His name was Ian and he's decided to try and bag 100 marathons before he's 40.  Impressively, he decided this when he'd only done 2 or 3, which meant he was able to start a blog about it, the fricken awesomely-titled Running Selfie Wanker.  We talked about our blogs, what huge narcissists we are, what a pain in the arse it is trying to take loads of photos for your blog whilst running, the messy politics of running clubs, about how (un)prepared we were for tomorrow and on and on.  A few miles passed easily.  Here we are:
I note he has already written up both his reports, he wins the gold star for promptness!  Thank you also for the kind mention :)

I lost him in the last mile or so as I decided to try and get under 5 hours 30 so had some fun with the last few downhills but didn't quite make it... still 05:32:12 isn't bad!  I'd already heard that you get an amazing pint glass as well as a lovely medal for finishing this race - first race I've ever done that had such a funky 'prize' and I absolutely LOVE it!
 You also get a free drink to go in it - win win!!

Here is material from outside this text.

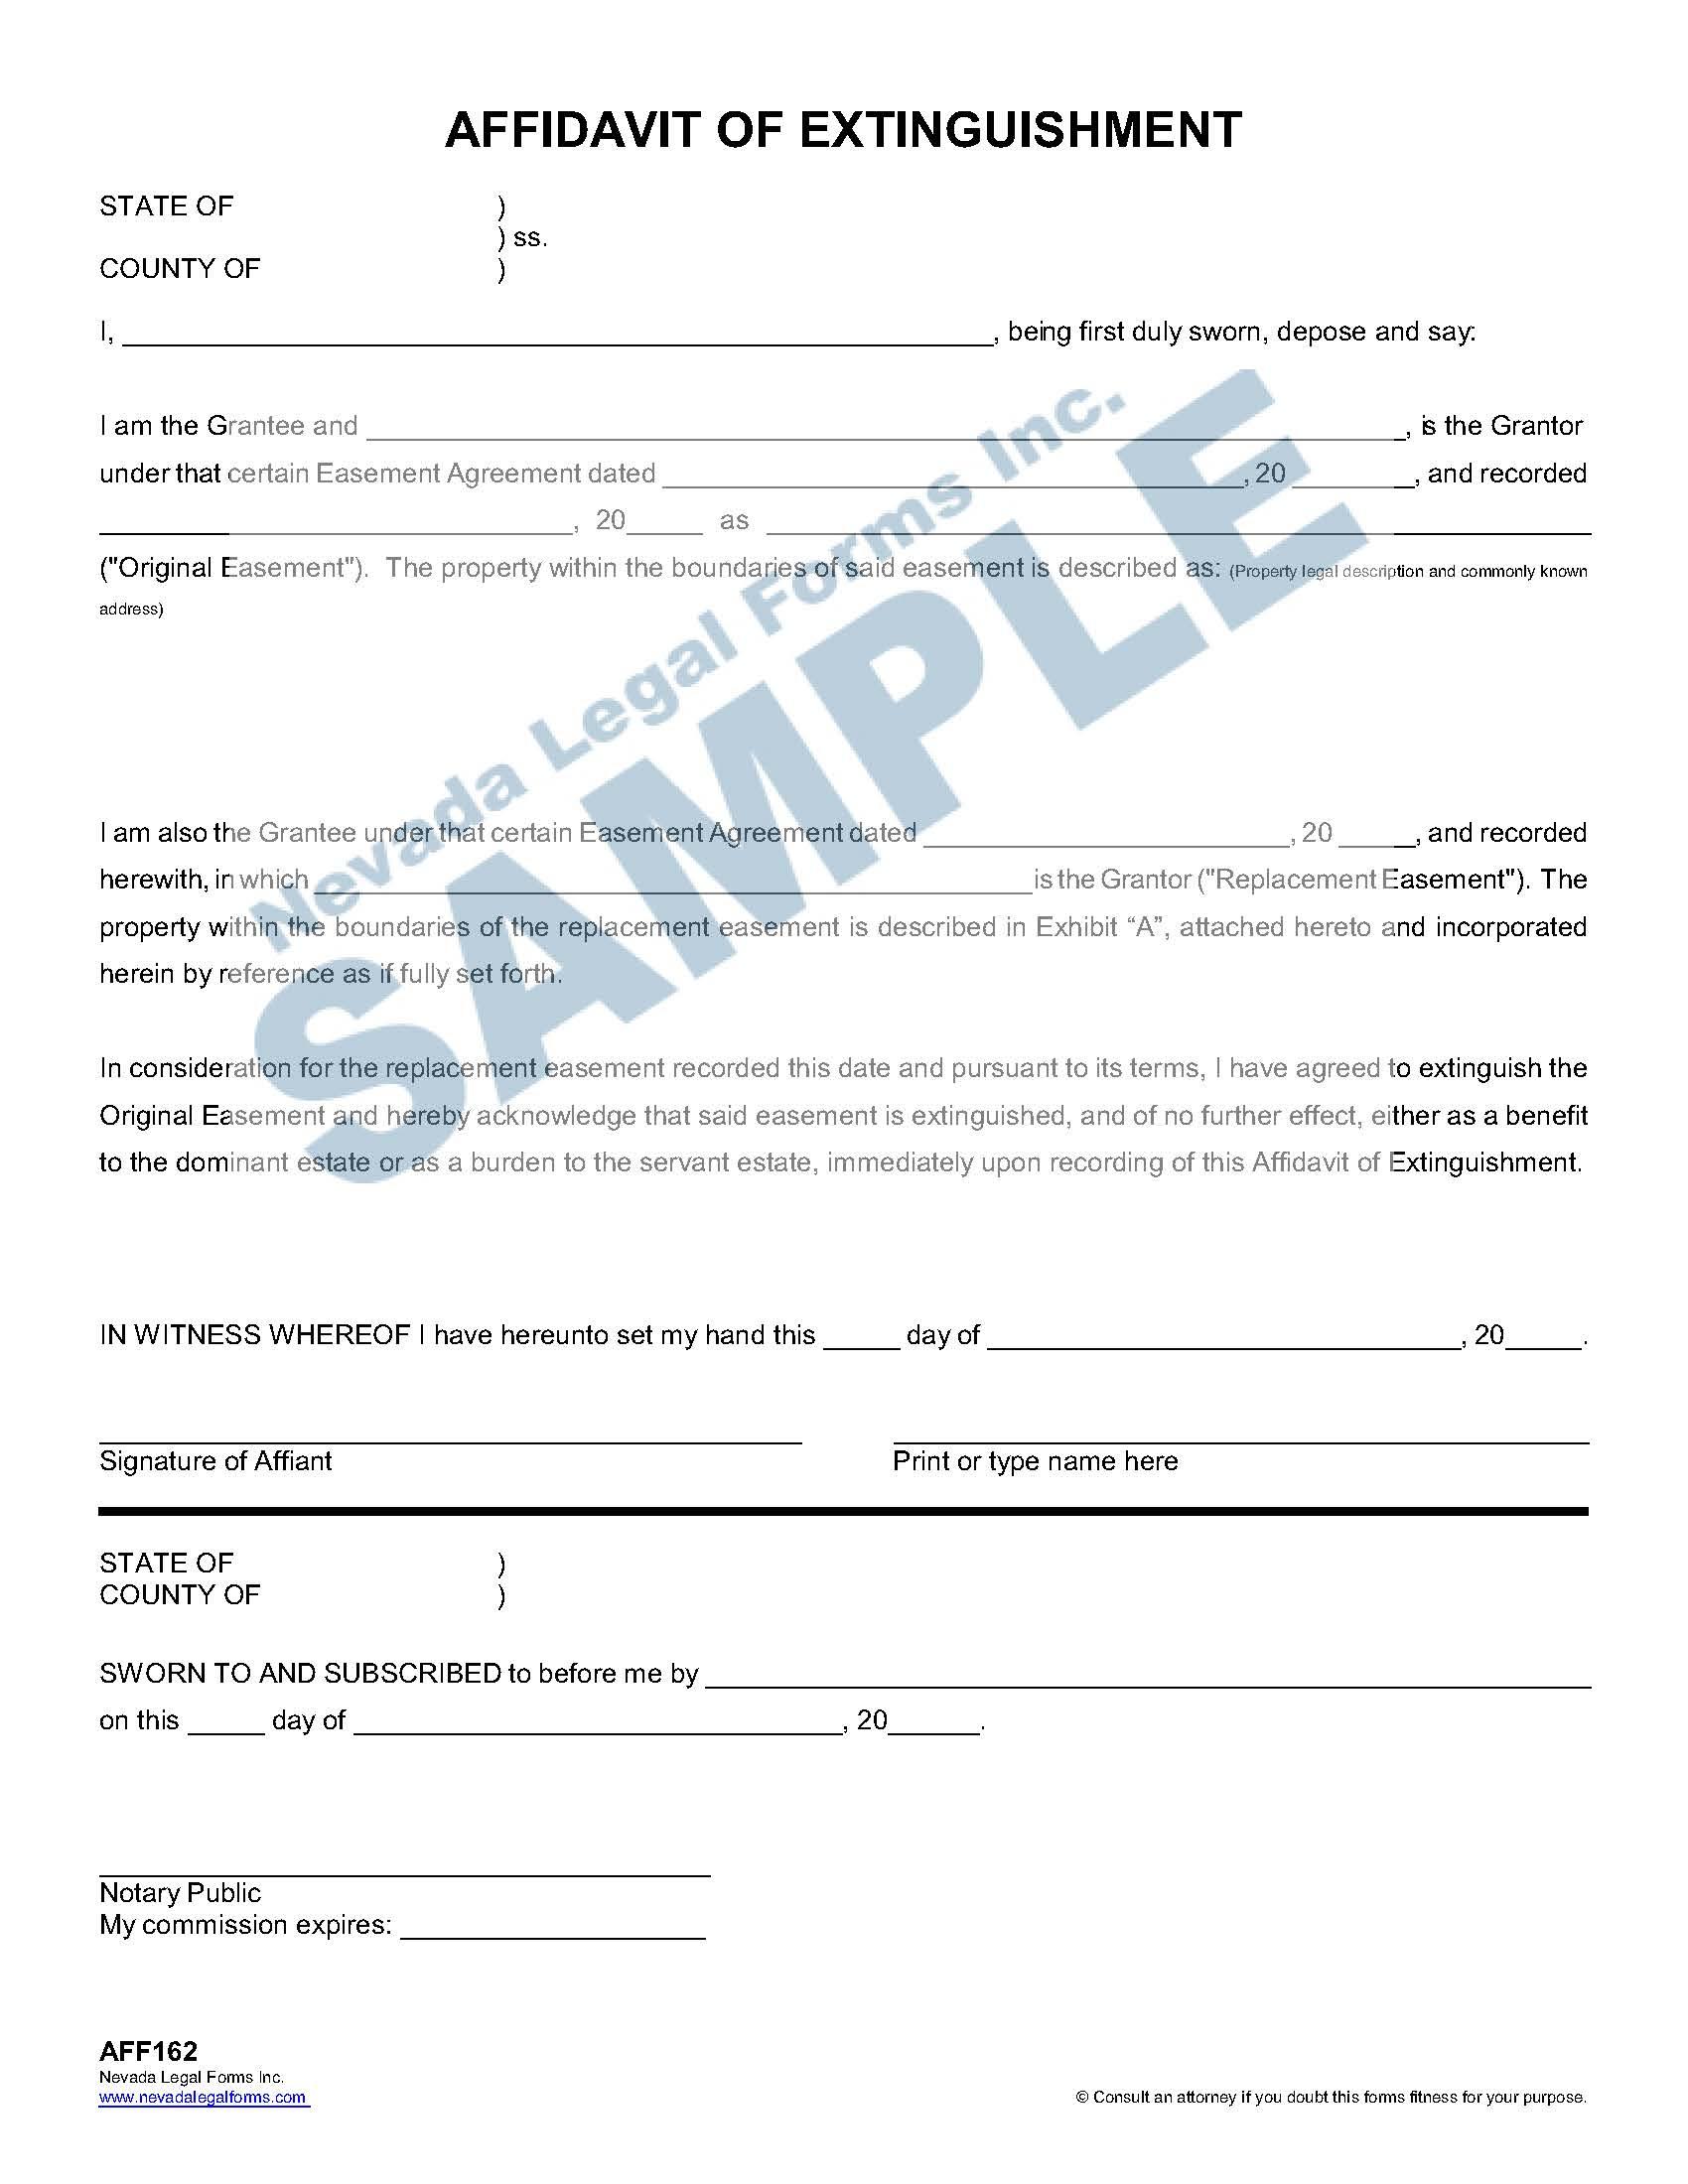 Affidavit Of Extinguishment

I waited around long enough to see Ian and his friend finish, then dashed off for a shower, a massage, some food (carb loading again! note how they are also plastic-free) and eventually that beer.  Yet again I was invited to join other people in the tent and chatted about the race, it was more like a festival than a race, everyone was so lovely.
I went and got all my stuff ready for the following day's race before returning to the tent for more food before retiring at the ridiculously early hour of 8pm as I had a stupidly early start on Sunday.  Just as I headed off there was a second utterly ridiculous sunset - Dorset really is the most beautiful county so far.  This race was an utter joy.  I am already planning to come back and do more White Star Running races as the whole thing was brilliant from beginning to end.  Thank you !

One final pic taken by the official photographer (obviously photos were free - this race literally couldn't be better if it tried).